Тут и я подал голос:

— В самом деле, разве это такая сложная вещь — автобиография?

— Глядите, какие умные! — почему-то рассердился Алексей Павлович. — Ложитесь, слушайте и молчите.

Мы легли, слушали и молчали.

— Семнадцатилетним пацаном добровольно пошел на фронт.

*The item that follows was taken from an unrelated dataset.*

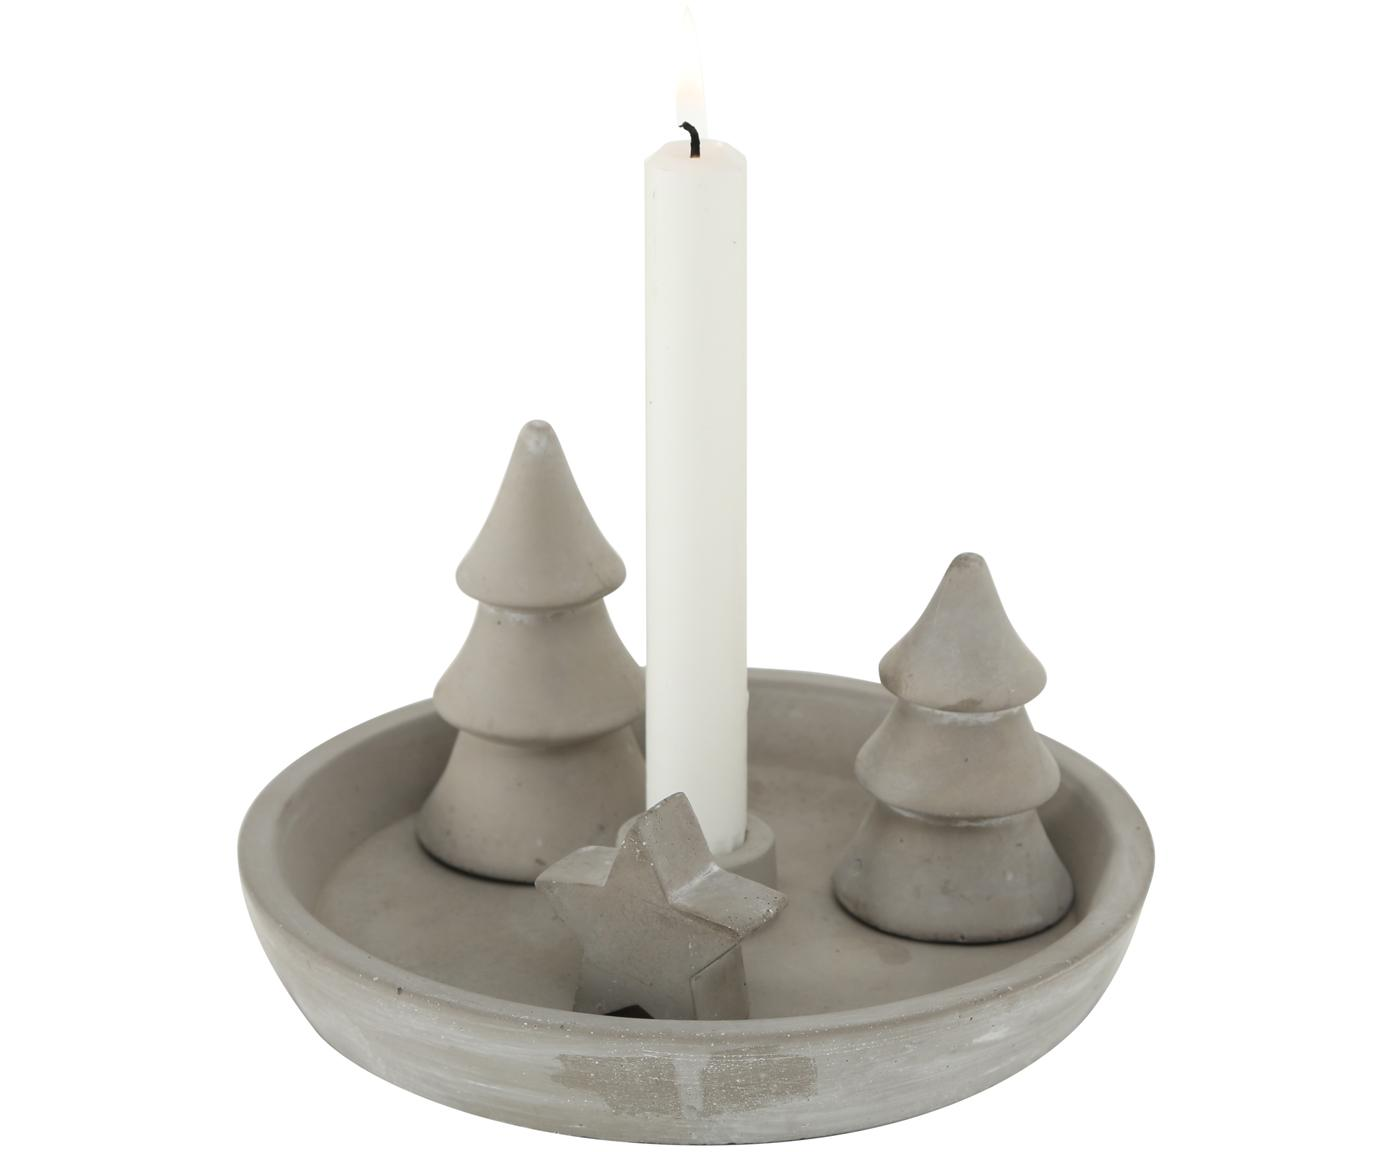 Set portacandela natalizio in cemento Bolek 4 pz, Cemento, Grigio, Ø 20 x Alt. 11 cm

Не хотели брать — маленький, тощий, на картошке вырос. Сам залез во фронтовой эшелон. Прибыли на передовую. Посмотрел старшина, покачал головой: «Уже и таких воробышков в пекло?» Я прямо закипел… А ведь и правда желторотый воробышек — ничего не скажешь. Вам лучше знать, что там историки пишут, а я видел и на собственной шкуре знаю, как нами, отчаянными парнишками, затыкали иной раз прорывы на фронте. Никто нас не подгонял. Мы сами кидались на танки, на кадровые эсэсовские дивизии, знали: надо! Полегло нас!.. Уже настоящими воинами стали, а иногда слышишь, как кто-то, падая, кричит: «Мама!» Я тоже, когда первый раз ранили, звал маму…

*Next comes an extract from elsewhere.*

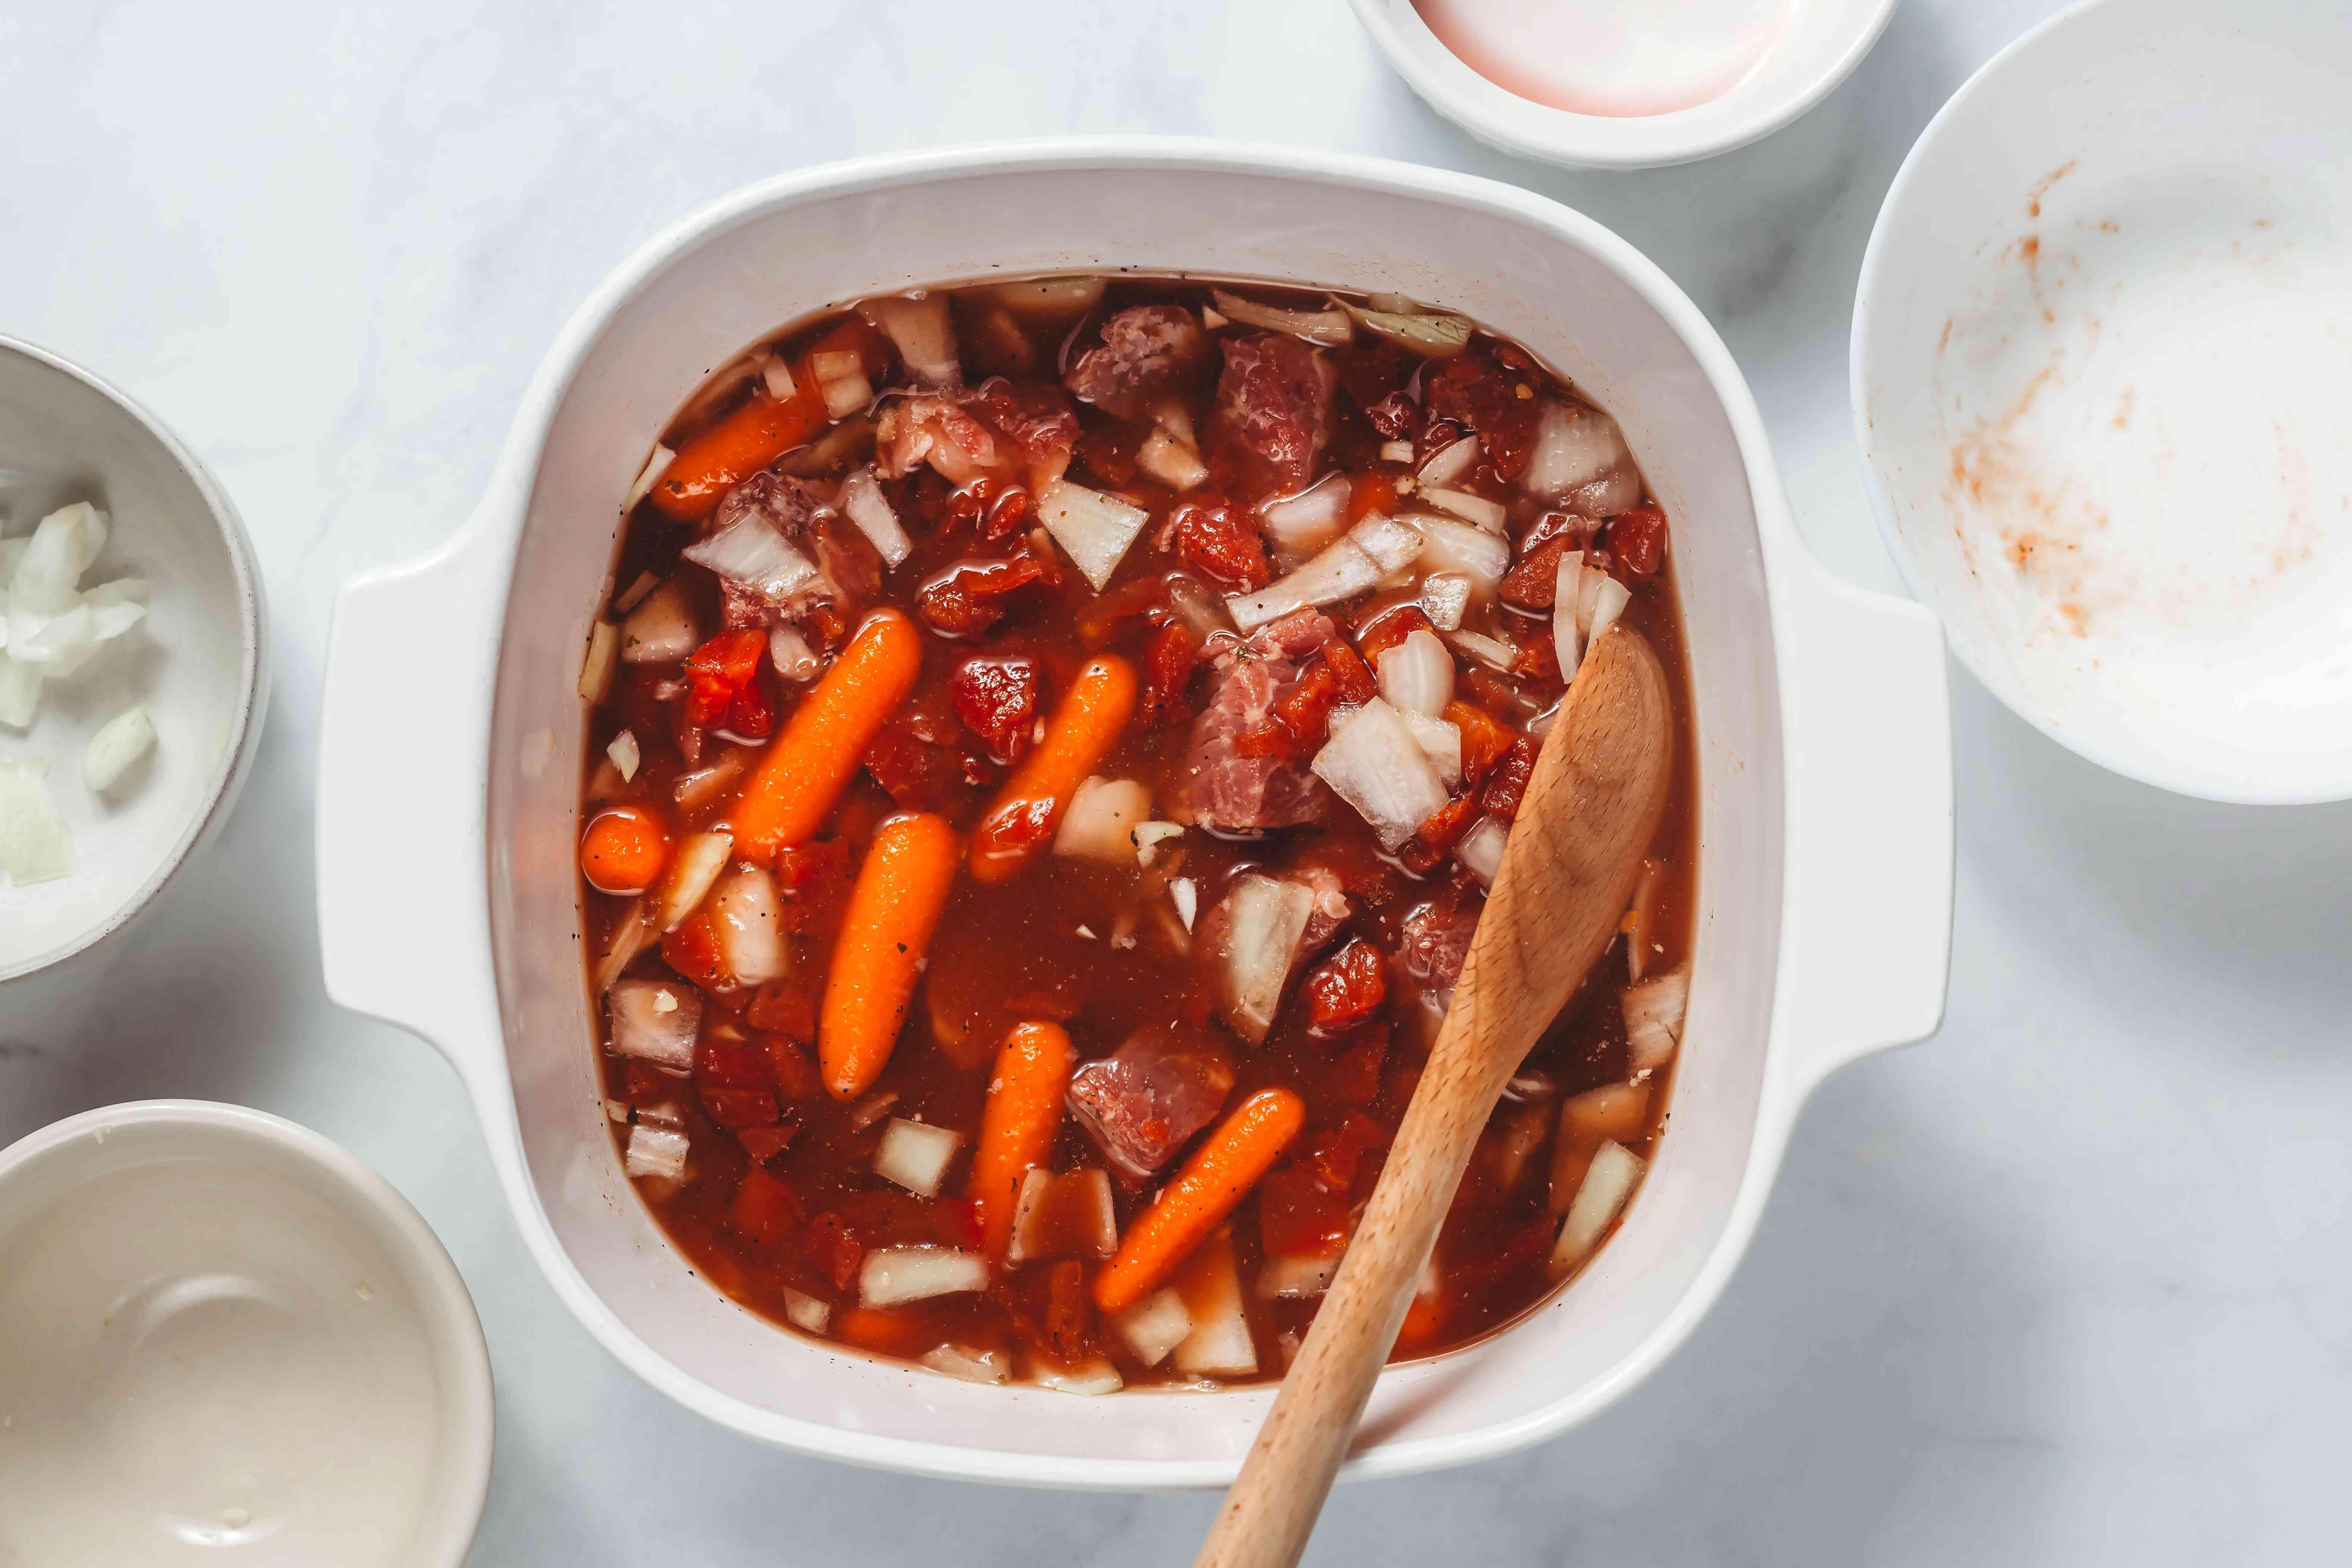 beef stew ingredients in a Crockpot

Кончилась война. Вернулся на свою Харьковщину. Медали. Нос кверху, хвост трубой. А что я умел? В деревне — скотины пять штук и заезженные работой, как эта скотина, бабы. Ну и фронтовики, покалеченная братия: тот без ноги, тот без руки. Работаем — шкура трещит. Машин — ни шиша, инвентаря — никакого. А сколько вдов и сирот! И все голодные. Откуда хлеба ждать? Надо сеять. На чуть живых коровах пашем, в бороны сами впрягаемся. Иногда какая-нибудь баба схватит горсть пшеницы — и за пазуху. Приказываю: верни! Она в слезы: детям же… Я, чтоб и самому не заплакать, ору на все поле. А что я мог сделать? Бригадир… В районе предупреждают: за посевное зерно головой отвечаешь… А еще, всю жизнь помнить буду, эти знаменитые колоски, которые оставались на поле после жнива. Пусть пропадают, а не трожь. За горсть колосков — под суд. Потащили вот так солдатскую вдову, а дома двое детей и старуха мать. Я — к судье. Он на меня как загремит: «Расхитителей защищаешь!» Еще больше бесилась наша председательша — черная душа. Я ей в глаза: «А куда девались пять поросят? Это уже не пять колосков…» Не забыла, гадюка, ужалила. Как-то по дороге на элеватор пропал мешок пшеницы. Хотя я тот день в поле был, на меня свалили, и вот уже я под судом. Тот же судья вкатил мне пять лет. Порядок. Лесоповал, потом строительство. Живу! Вышел на волю — куда? Только не домой. Иду с этой справкой наниматься. Известные окошечки, стеклянные глаза, одинаковые слова: анкета, автобиография. Пишу. И сразу же стеклянные глаза оживают — таких не надо. Порядок. Иду дальше. Снова пишу, снова стеклянные глаза — не надо. Злость меня разбирает, в какое-то окошечко матюка пустил — и ходу! А то можно было снова до лесоповала доматюкаться. Не мог я уже слышать этого слова — «автобиография». А где было взять другую?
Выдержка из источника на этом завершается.